Hi GLT, MacDuff and interested others:

On Tues., Dec. 4 at 8:00 pm at the UC Santa Barbara Kavli Institute for Theoretical Physics, Dr. Nathan Lewis, Cal Tech professor of chemistry will speak on: "Challenges for Global Energy". Free, but requires advanced reservation.

He is supposed to "...present an overview of available fossil fuel resources and estimate the remaining years of supply of oil, gas and coal..." etc.

Here's a link to the website, though they appear to be having problems with their server. www.kitp.ucsb.edu

This might be an opportunity to discuss and/or possibly inform.

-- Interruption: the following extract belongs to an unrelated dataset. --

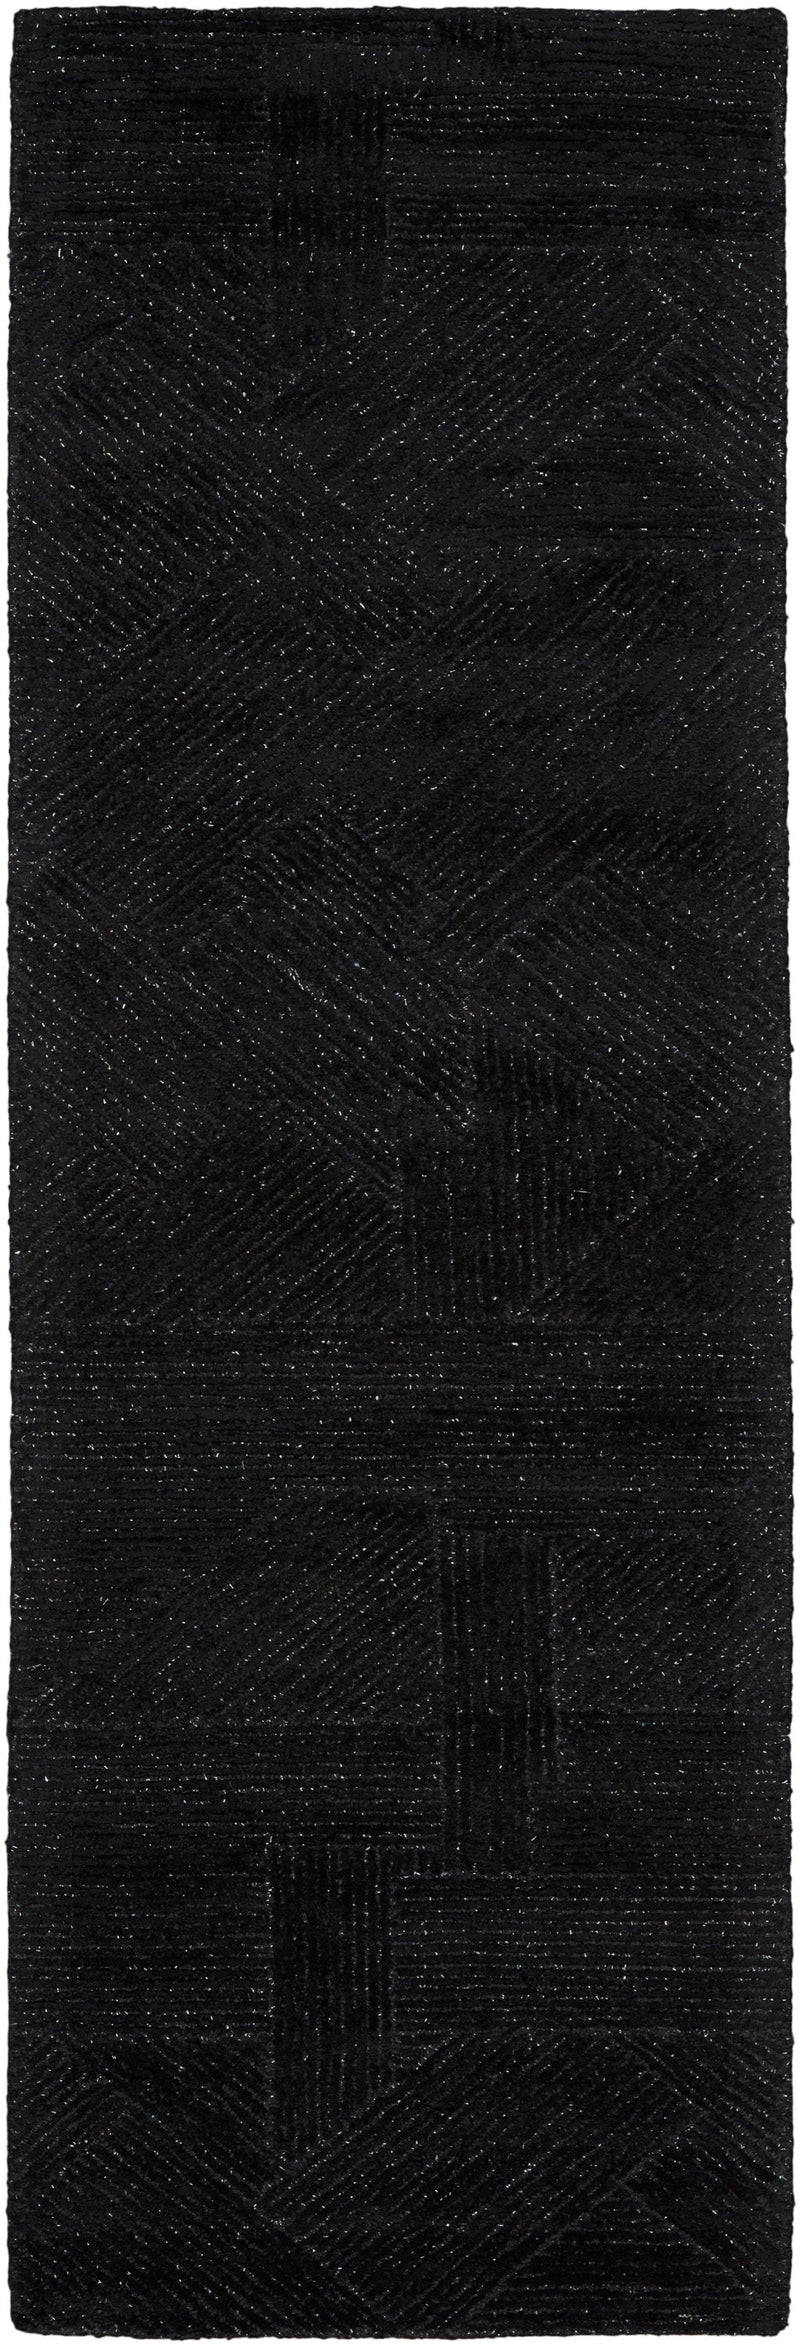 media image for ma30 star handmade black rug by nourison 99446880871 redo 2 213

You can come up to Paonia anytime and build a fusion reactor in my orchard.

Francois.

Hey, I used to live in Boulder and I've spent some time visiting (mtn biking) Durango - but never been to Paonia - do you have a local micro-brewery there yet?

what are you growing in your orchard?

Some orchards are no longer, but Paonia is still a great little town in the mountains. Farmers grow hay and raise cattle, hunting is big, there are a few wineries, and a great sense of community.

Come visit!

Francois

In nearby Hotchkiss we used to distill a lot of "ethanol," if you know what I mean ...

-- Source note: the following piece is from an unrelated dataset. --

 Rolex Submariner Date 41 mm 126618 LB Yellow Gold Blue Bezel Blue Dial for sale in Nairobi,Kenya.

Just curious. Who was the speaker and who was the researcheryou talked to afterwards? I know some of these researchers and I am interested in their opinions on this topic. My general assessment is that fusion researchers ( I know quite a few as I am one) have varying degrees of awareness (and realistic assessment) of the global energy situation outside their own field. Similar to other scientists and much of the public I would presume.

The speaker was Gerald L. Kulcinski - from the University of Wisconsin, Madison - he's the Associate Dean for Research, Nuclear Engineering and Director of Fusion Technology

the UCLA prof after I'll leave annon. since I'm not sure he'd want his (doomerish) opinions put out there - smart guy though, and certainly aware of how tough a future we face...

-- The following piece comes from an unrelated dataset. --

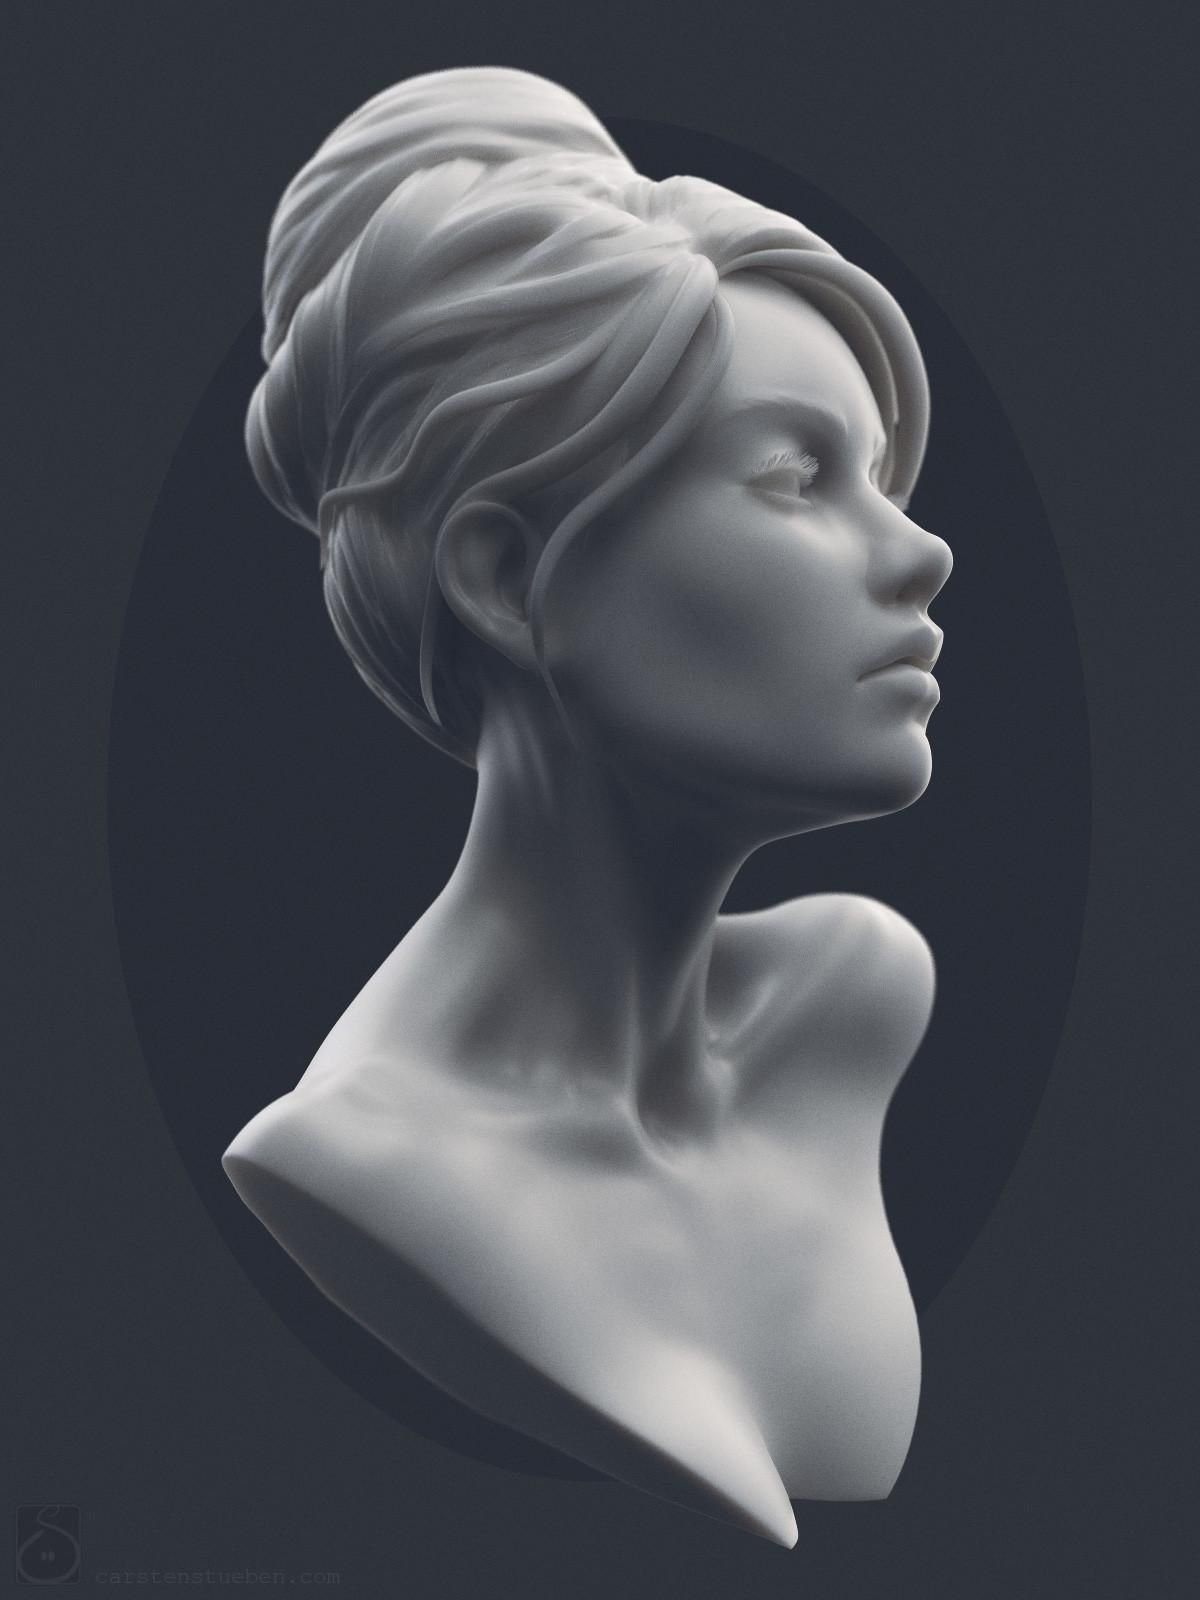 Female silhouette rendition image

Prof. Kulcinski has been peddling this lunacy (sorry about the pun) since the mid-1990s. Living in Madison, I have been treated to his vision five or six times now. Regular WI Public Radio listeners have also heard him describe his plans to turn the moon into a remotely control solar-powered mining colony extracting helium isotopes and transporting them back to Earth to feed a growing fleet of nuclear power plants. Come to think about it, "meanwhile, back on Earth" are the first words that come to my mind--and no doubt many others in the audience--upon the conclusion of his "Mining the Moon"--themed talks.

Friedrich Schiller: Against stupidity the gods themselves contend in vain.

Ok, you asked for it..

"thelocation is...
(turns to Sulu)
Praxis. A Klingon moon. Barren of indigenous life forms but-

SULU
- Essential as a resource. Praxis is their key energy production facility.

...

SPOCK
(continuing)
Two months ago a Federation Starship monitored an explosion on the Klingon moon Praxis. We believe it was caused by over mining and insufficient safety precautions. The moon's decimation means an almost eighty percent loss of available energy and a deadly pollution of their ozone.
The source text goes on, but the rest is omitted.